We met again in the department the next morning. If her manner was different, I realised within minutes, it was because she was her old self. Her behaviour yesterday – the enthusiasm for my quest, the affection – was an element of her version of contrition. Now, that was behind her. As we settled on a torn sofa in a recess by the herb tea vending machine, she started by warning me that if Vivien had not taken expert advice on preservation, her document would be at best a stain of dried mould. If the material was stored in a wooden box, there would be nothing. Rose set out her conditions. The captain we hired would be paid half before we set out, the rest after bringing us back safely. She had checked the Land Registry. The site belonged to the military. If we were told to leave, we would leave. She warned me against confrontational behaviour. Even the lowest-ranking soldier had powers of arrest. The earliest date we could set off was mid-March when the university closed for the ‘reading break’, treated by students and faculty alike as a holiday. We would still be on winter hours and to extend our digging time we’d need powerful lamps of the kind builders used. Not easy to find. Rose had a friend living near Port Marlborough, an artist, a nature-sculptor, who kept a little sailing boat and had friends down at the harbour. They might know the right captain.

Rose’s proposals were sound and I agreed to them all. To get my way and her funding, I had to let her take over my adventure. A fair deal. She had been the transgressor, now I was the suitor, waiting on her forgiveness while pretending not to. Even that strange reversal did not bother me much. Our expedition was launched. But Rose, working through her list, had saved the most important item until last.

‘How do we find it? There’s no GPS.’

She was right, the system had failed months ago. The old low-orbit satellites were dropping earthwards, burning up in the atmosphere. The handful of people who knew how to replace them were busy on other projects and, as usual, materials were scarce.

‘It’s simple,’ I said. ‘We take bearings on two landmarks and where the lines cross—’

‘Tom, you’ve seen the map. We’ll be in a forest. There are no landmarks.’

I was struggling. I said, ‘OK. We’ll mark the site on the Nigerian map. The captain will know where he’s landed. We can get a compass bearing to walk by. We can pace the distance to Blundy’s barn. My stride is about a metre.’

‘We’ll be on our hands and knees in the undergrowth.’

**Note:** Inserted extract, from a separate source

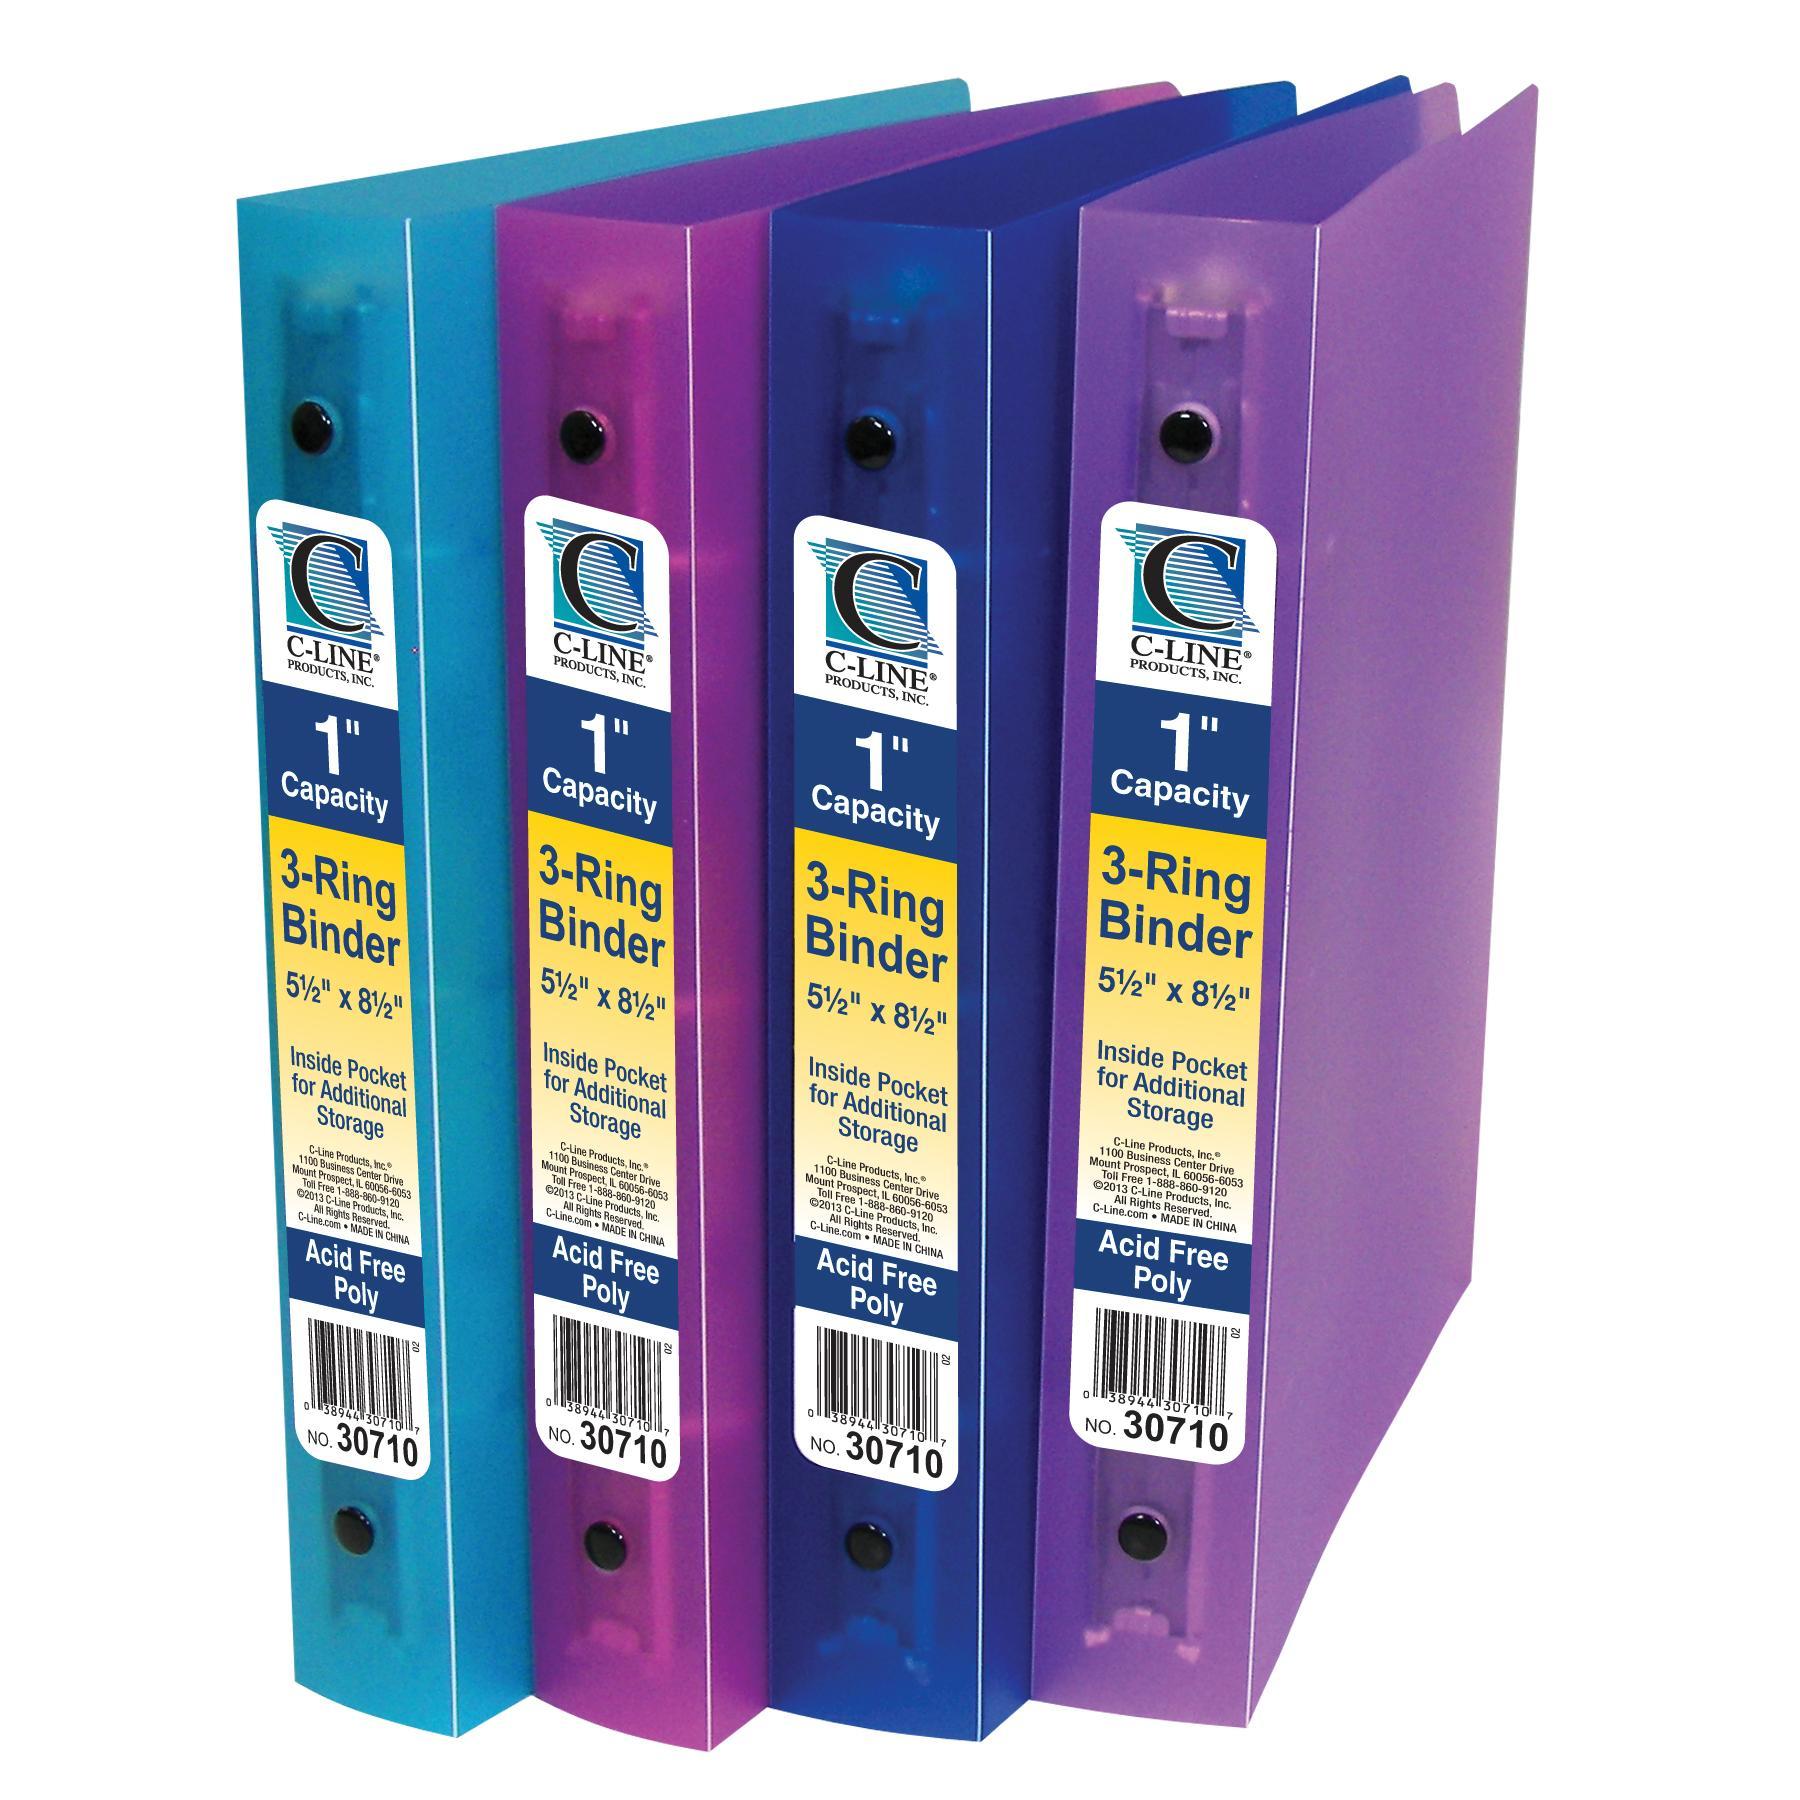 Amazon.com : C-Line Mini Binder Starter Kit, Includes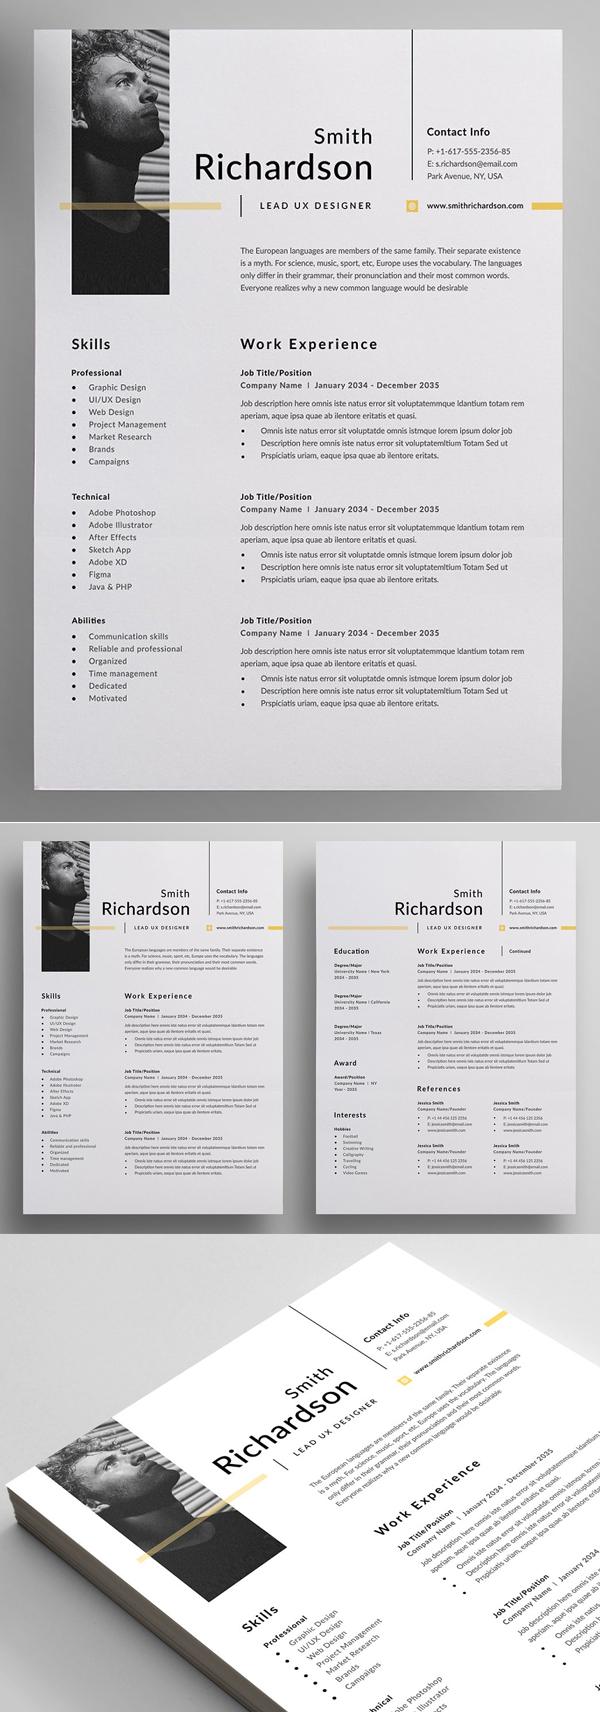 50 Best Resume Templates Of 2020 - 18

I had vague notions of a sextant and a chronometer, but I thought they needed stars or the midday sun or the horizon of the open seas.

‘Then I don’t know,’ I said finally. ‘We could speak to someone in Earth Sciences.’

And so our meeting ended. She went off to teach an Aphra Behn seminar, and I went back to my cell to start on a grant proposal for our department’s Auden week. We parted without a kiss.

Preparations for the voyage held us together, and there was not much else between us. But in early December I spent an afternoon in her bed. It was not an explosive embrace of joyous reconciliation, more a cautious or exploratory exchange. We knew each other too well to fail to give immediate pleasure, but there was sadness in that half-hour, I thought. It seemed merely collegiate, even contractual. We were on a job together and the niceties must be observed. Afterwards, as we lay side by side, and as if to compound the sadness, Rose told me how it had ended with Kevin Howard. It was morning. They faced each other over the table in her flat drinking coffee. He had been silent for a minute or two, propping his head on his hand and staring into his cup. Then he made a fateful announcement. He loved her and always would, wanted to live with her, marry her, have children with her.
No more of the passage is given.